These are notes from the second working meeting of the DSS SIG.
Meeting Slide File (PowerPoint)
Introduction
Status Update
Summary of Previous Work
Participant Presentations
September 30 Cataloguing Workshop
Consensus Building
Outline Recommendations Document
Agree on Action / Work Items
Preliminary Charter for 2003 January through June
Oil Companies
Anadarko (Bob Kline)
ExxonMobil (Boyer Purnell)
ONGC (A. K. Tyagi)
Pioneer Resources (Carol Anne Doherty)
Shell (Erik van Kuijk, regrets)
Government Agencies
UK DTI (Stewart Robinson)
US MSS (Michael Celata)
Service, Software, and Consulting Companies
ETL Solutions (John Bigerstaff)
Halliburton/Landmark (David Johnson, Gene Rhodes)
IMS Corporation (Mikhail Damaskine)
Oilware (Harry Schultz)
Paras (Flemming Rolle)
Petris Technology (Jeff Pferd)
Schlumberger (Jay Hollingsworth)
POSC (Alan Doniger, Paul Maton and David Archer)
Gene Rhodes from Landmark welcomed the attendees and described the site logistics.
The attendees introduced themselves and stated their expectations.
Alan explained the purpose, form, and processes associated with POSC Special Interest Groups in general and the Data Store Solutions SIG in particular. (See slides 5-7.) He listed the organizations that have joined the SIG or that are in the process of joining, noting the organizations that participated in the October 17 working meeting in London [marked "L"] and those that are participating in the November 18 working meeting in Houston [marked "H"]. (See slide 8.) Alan then explained the DSS SIG in more detail. (See slides 9-16)
Participants were asked to participate in the idea generation and consensus building process, the recommendation writing and editing, and the promotion of the recommendations. (The amount of effort may vary from participant to participant with a guideline of several days per month.)
There was a discussion (See slide 12.) about the motivation for this (and any other) SIG), i.e. to seek opportunities for consistency that can improve the quality and productivity of E&P business and technical activities particularly related to data, information, knowledge, and their use in work practices where there are no concerns for competitiveness.
The theoretical line between subjects about which organizations are comfortable to collaborate and subjects about which organizations intend to compete was defined as the "line of coopetition". There was a common understanding that if the SIG finds itself moving over this line into areas of competitive sensitivity, then the SIG should reorient its work to stay in areas of agreed collaboration. It was further understood that identifying the line of coopetition is not necessarily easy, but that by engaging in open preliminary dialogue, the SIG participants will be able to scope it out.

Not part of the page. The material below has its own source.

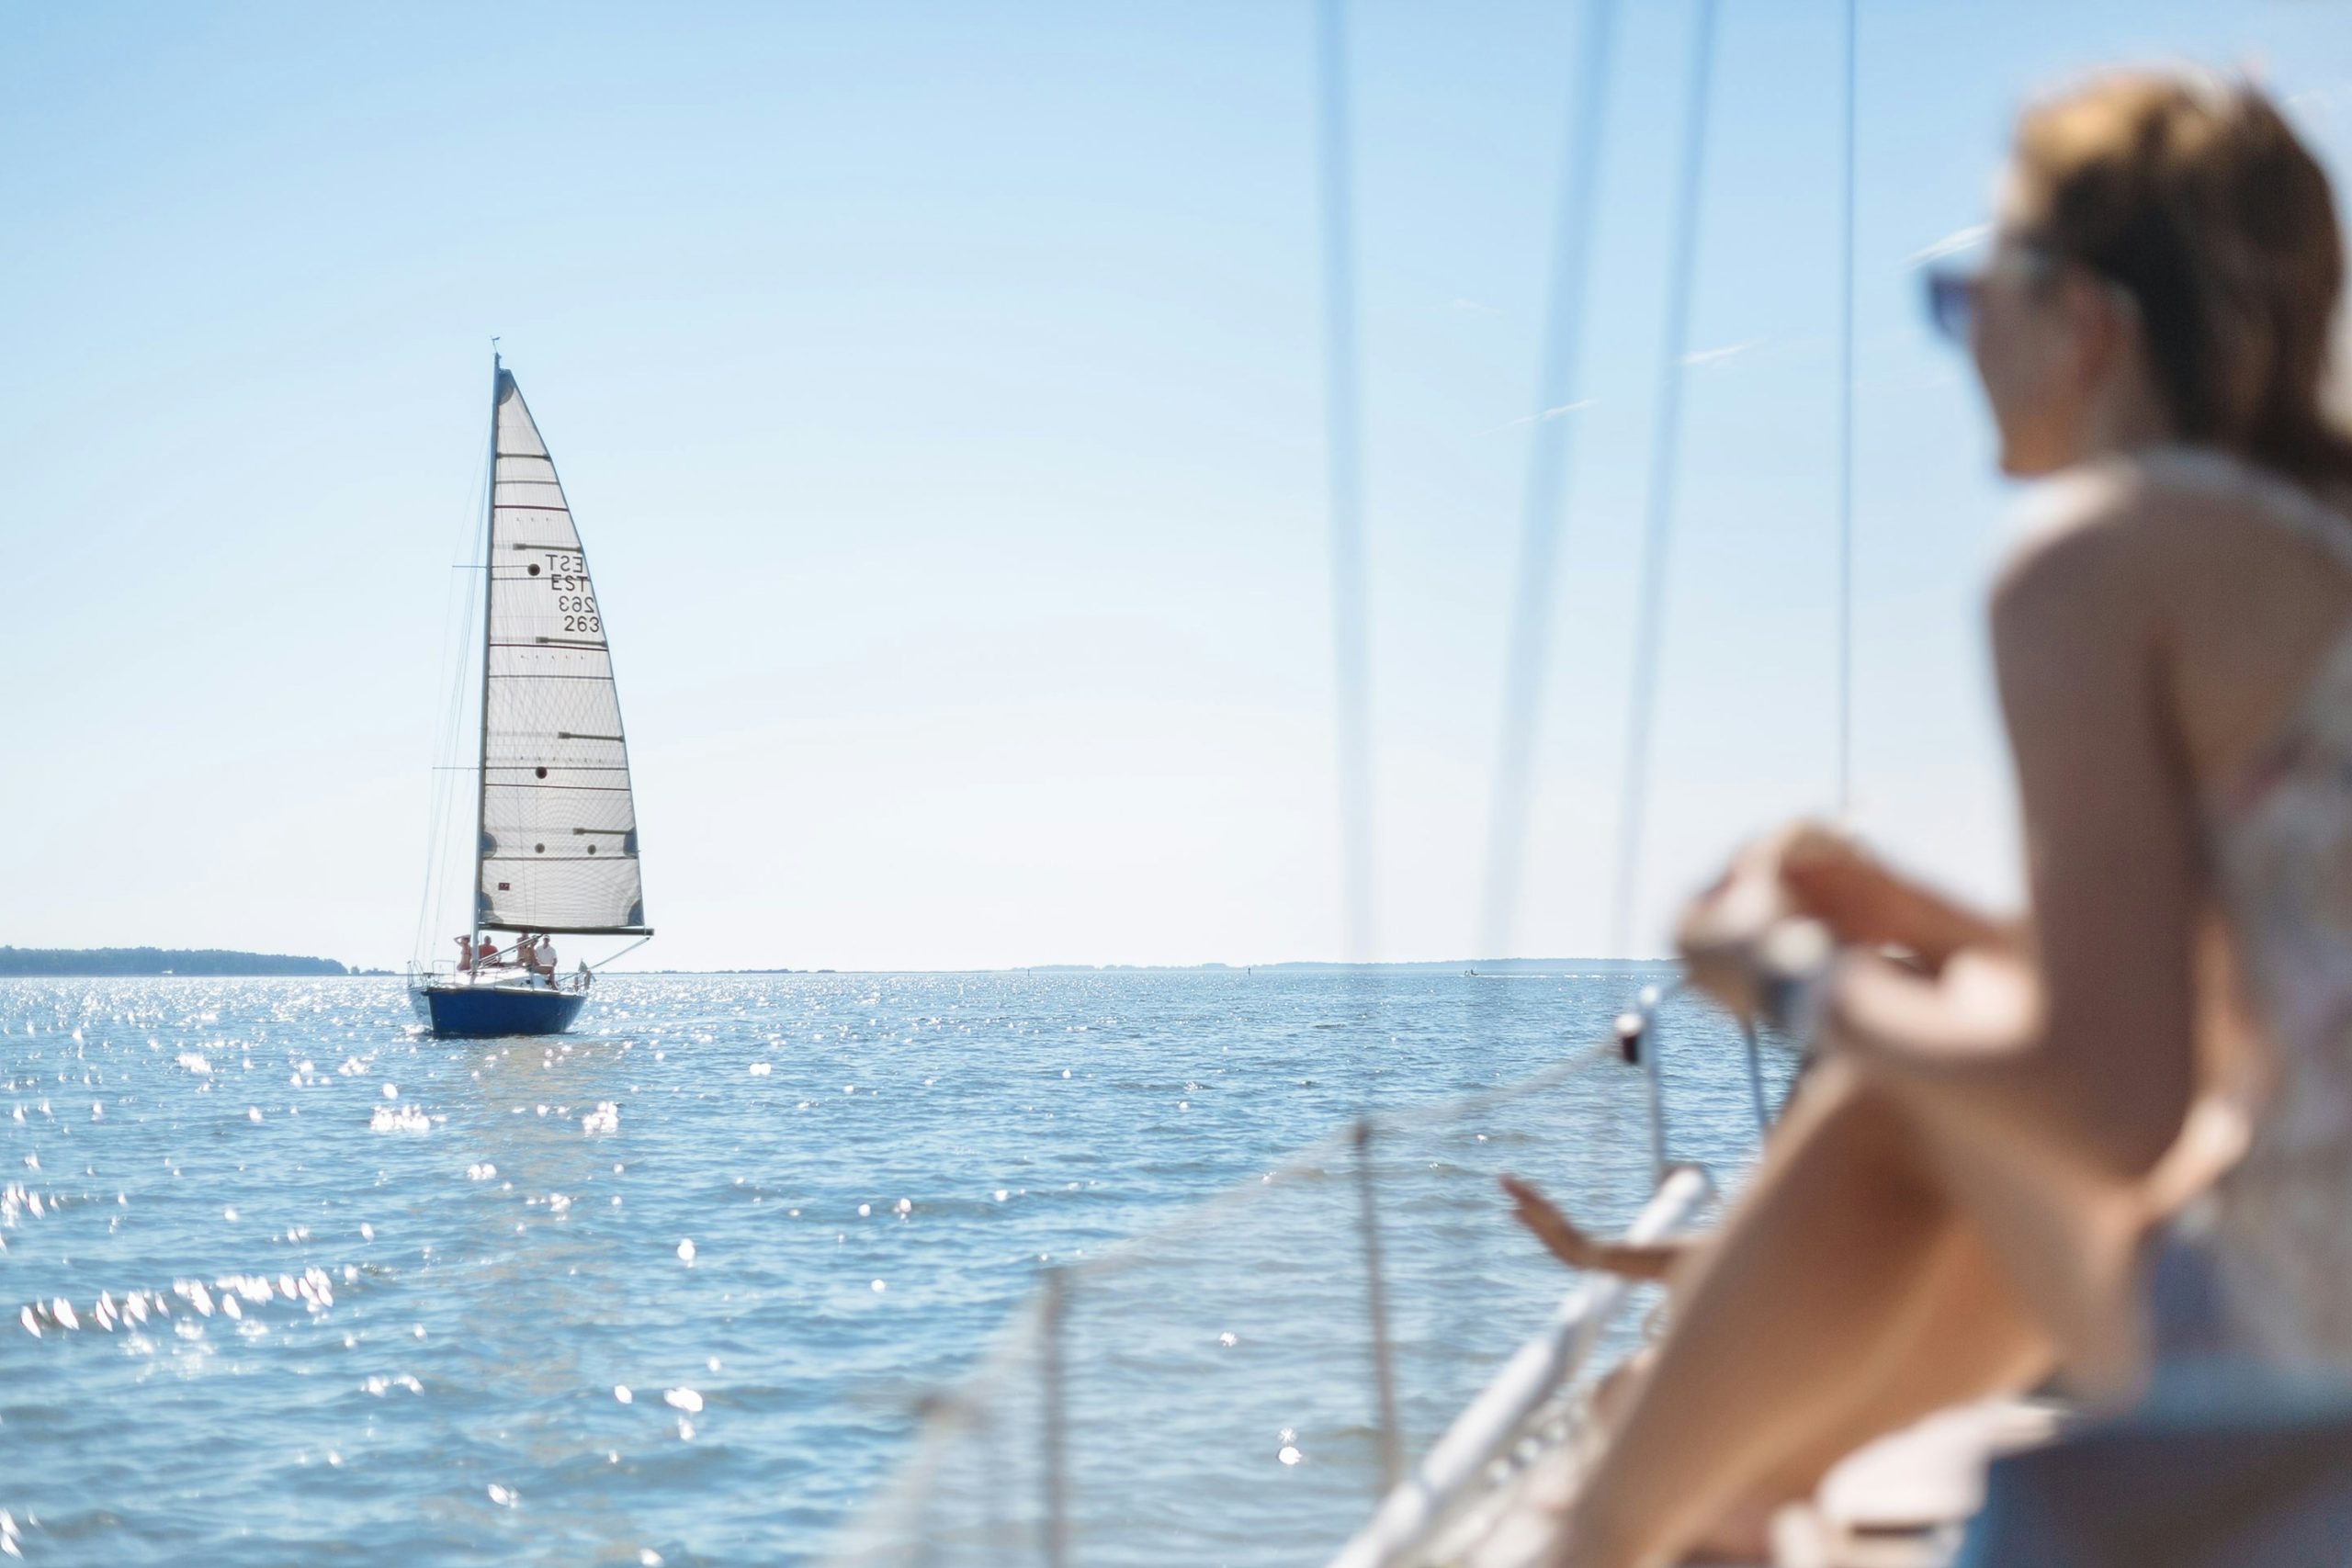 explore the beauty of the open sea with our sailing adventures. find your next journey with us and experience the thrill of the ocean.

The general characteristics of POSC Special Interest Groups were presented and discussed to put the objectives for the DSS SIG into a context. The DSS SIG milestones to-date and as planned through year-end were presented. The interplay among the DSS SIG, other POSC entities, and industry organizations was described.
The stated objectives for the DSS SIG for the initial work period (through year-end) are as follows:
Focus on Corporate Data Stores and associated business processes and information items that support field development planning.
Steps:
Develop an agreed, common data management framework definition, addressing data store architecture, data management business processes, deployment use cases, and cataloguing.

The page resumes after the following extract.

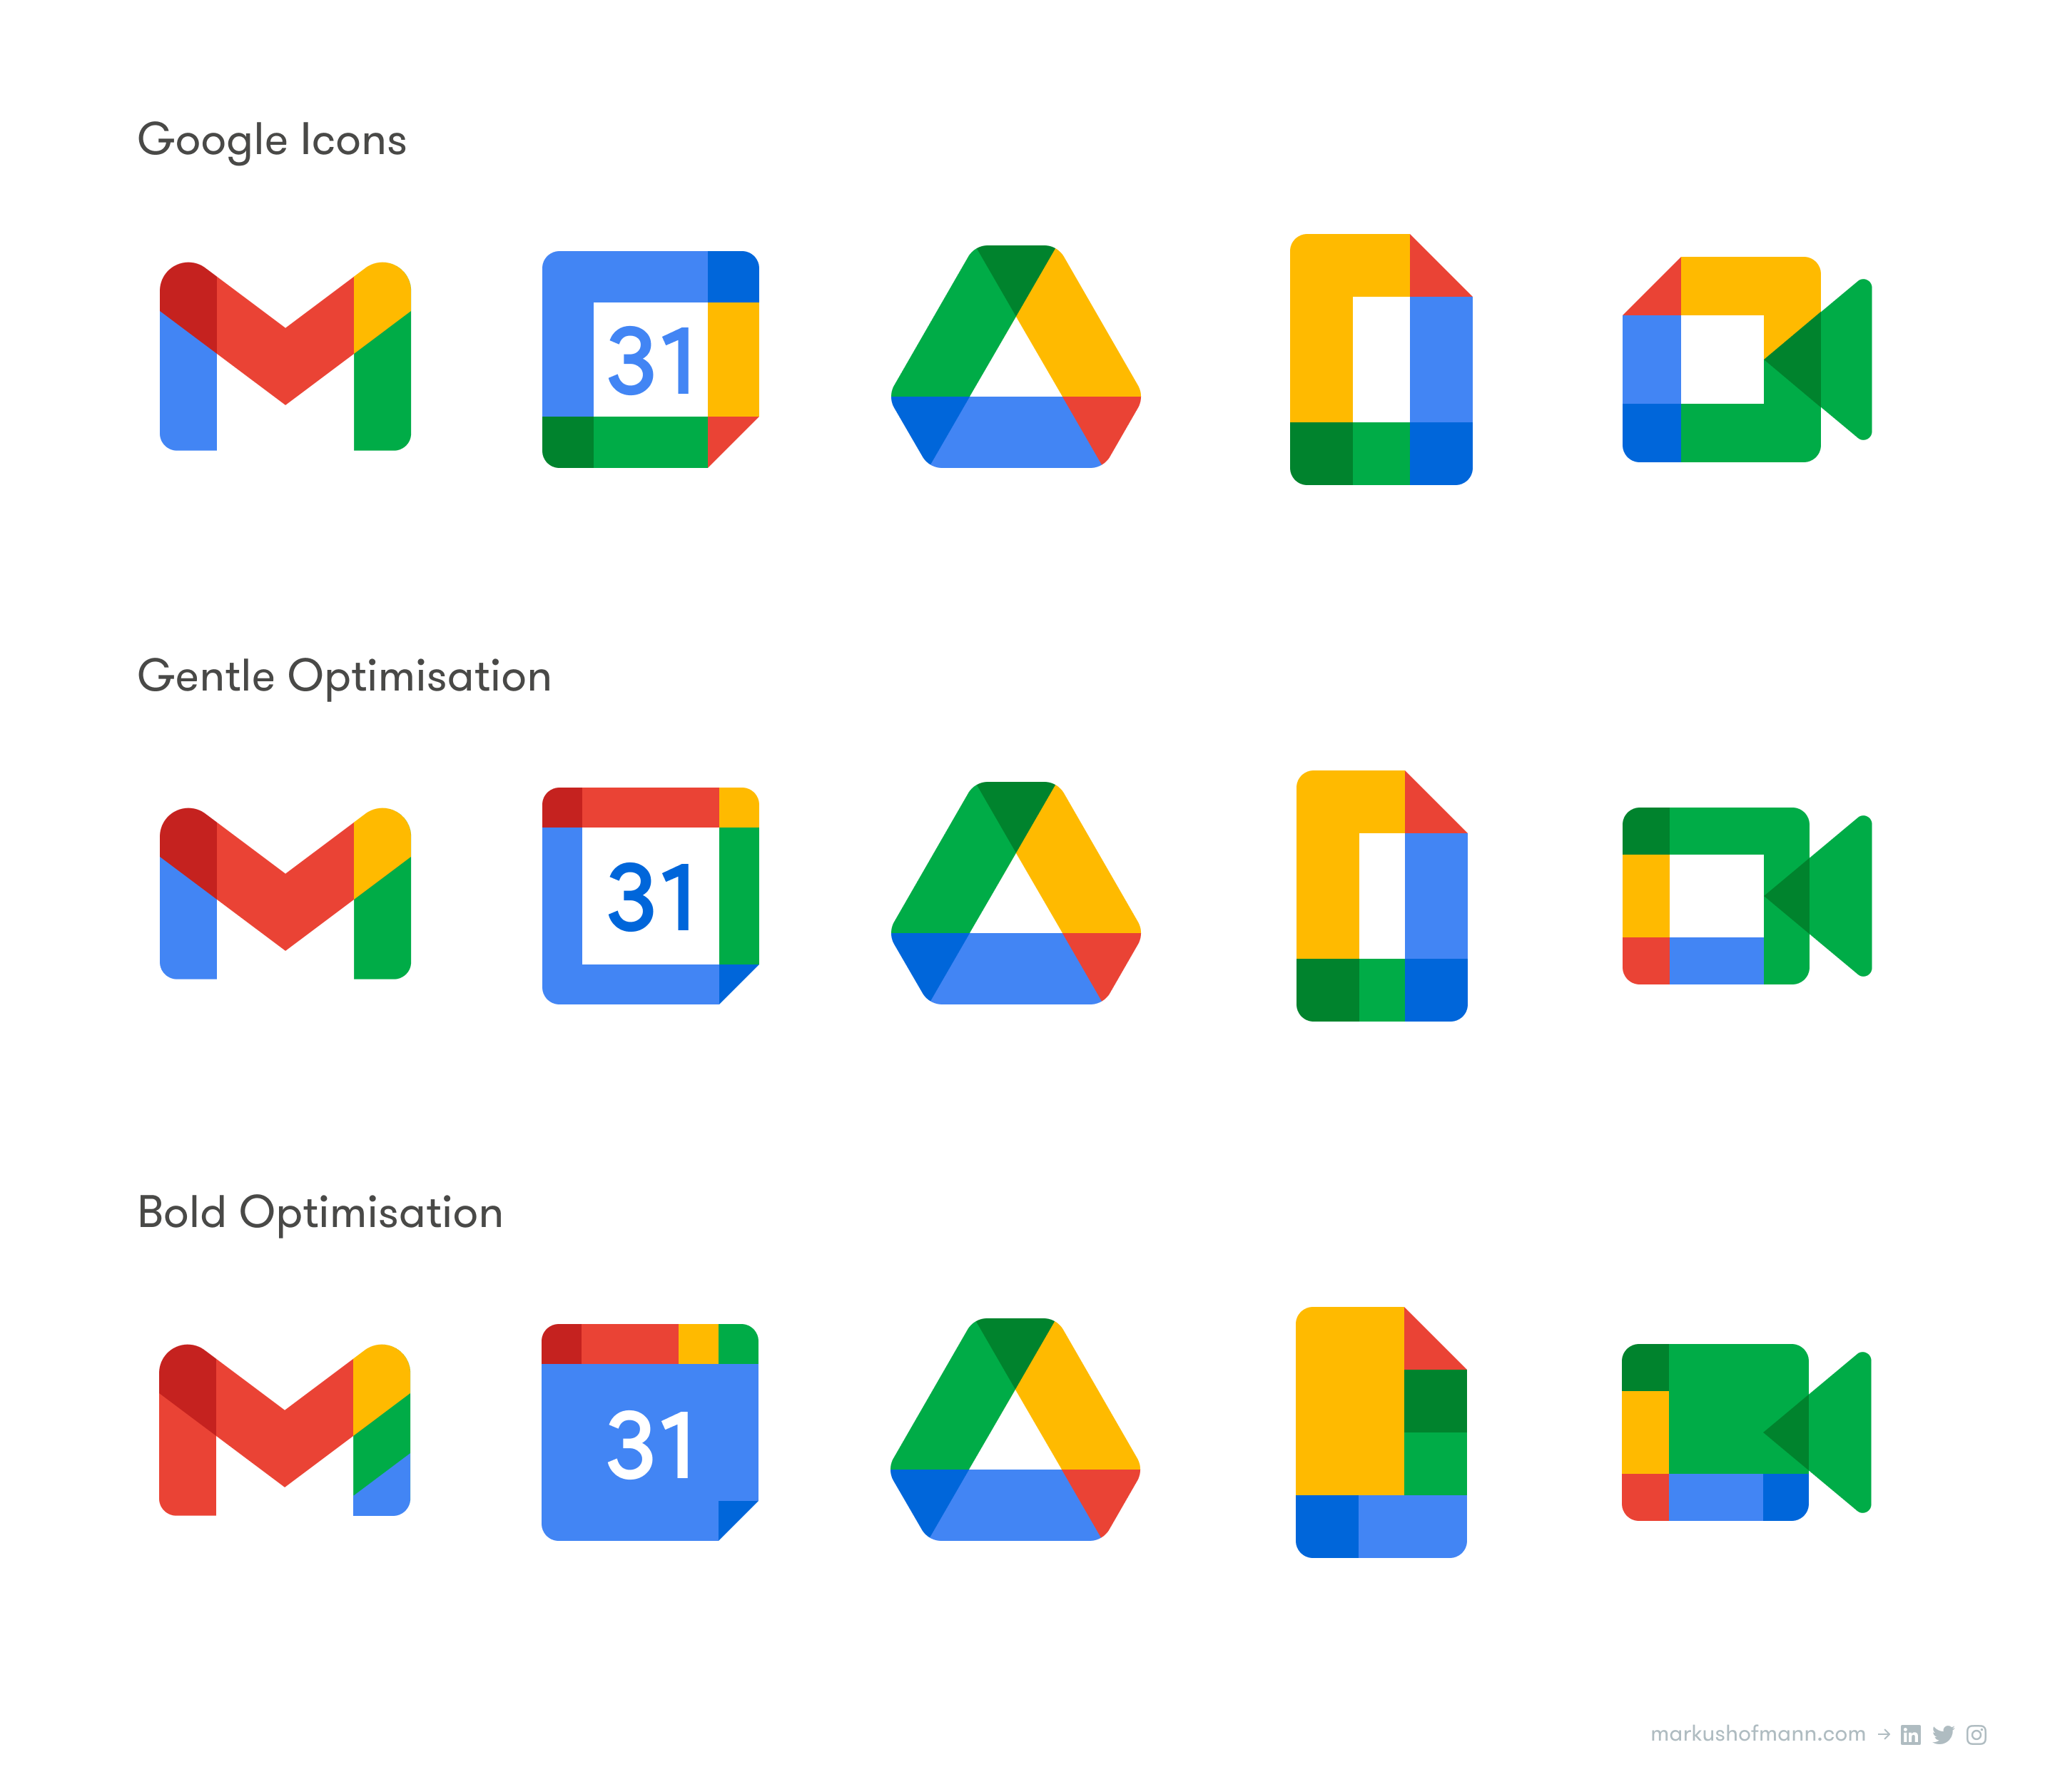 Comparison of Google’s new Workplace icons and my gently optimised as well as bold, more distinct versions

Align participant recommendations with framework concepts and terms.
Consolidate participant recommendations using consensus building processes.
Express highly rated consensus recommendations as to oil company work practice, supplier product and service, and standards recommendations.
Publish and promote the recommendations.
Prepare for the next six-month DSS SIG work cycle.
All attendees received paper copies of the slides used at the October 17 working meeting in London and of the notes from that meetings. The London meeting notes were reviewed and, in large measure, the Houston attendees agreed with those findings and results. The review was done in three parts; Framework (See Slides 18-26.), Cataloguing (See Slides 27-33) and Recommendations (See Slides 34-41).
We reviewed the concepts, terms, and usages associated with data management and the use of data store products and services based on the results from the London meeting.
(Slide 18)
Knowledge, information, and data form a continuum. No effort should be made to permanently label things as being one of these three. Every thing, in essence, is a combination of the three. Perceptions about the three depend on the viewpoint being applied as much as on inherent character.
The names used to refer to the various kinds of data stores are usually well understood, but one can not depend on such names to convey a complete and unambiguous understanding.
Even the term data store, which is close to the more implementation oriented term data base, would be more properly called a KID store or an information store so that the content is understood to include knowledge, information, and data. By extension, the name of the SIG might be changed to KID Store Solutions or Information Store Solutions. Familiar usage, however, suggests that we continue to use data store.
(Slide 19)
The most fundamental distinction in between data stores directly involved in business operations and those primarily intended for long-term storage.
Active Use Data Stores.
Operational Data Store: supports a direct and ongoing business activity, such as field operations during the production phase of an E&P asset life cycle.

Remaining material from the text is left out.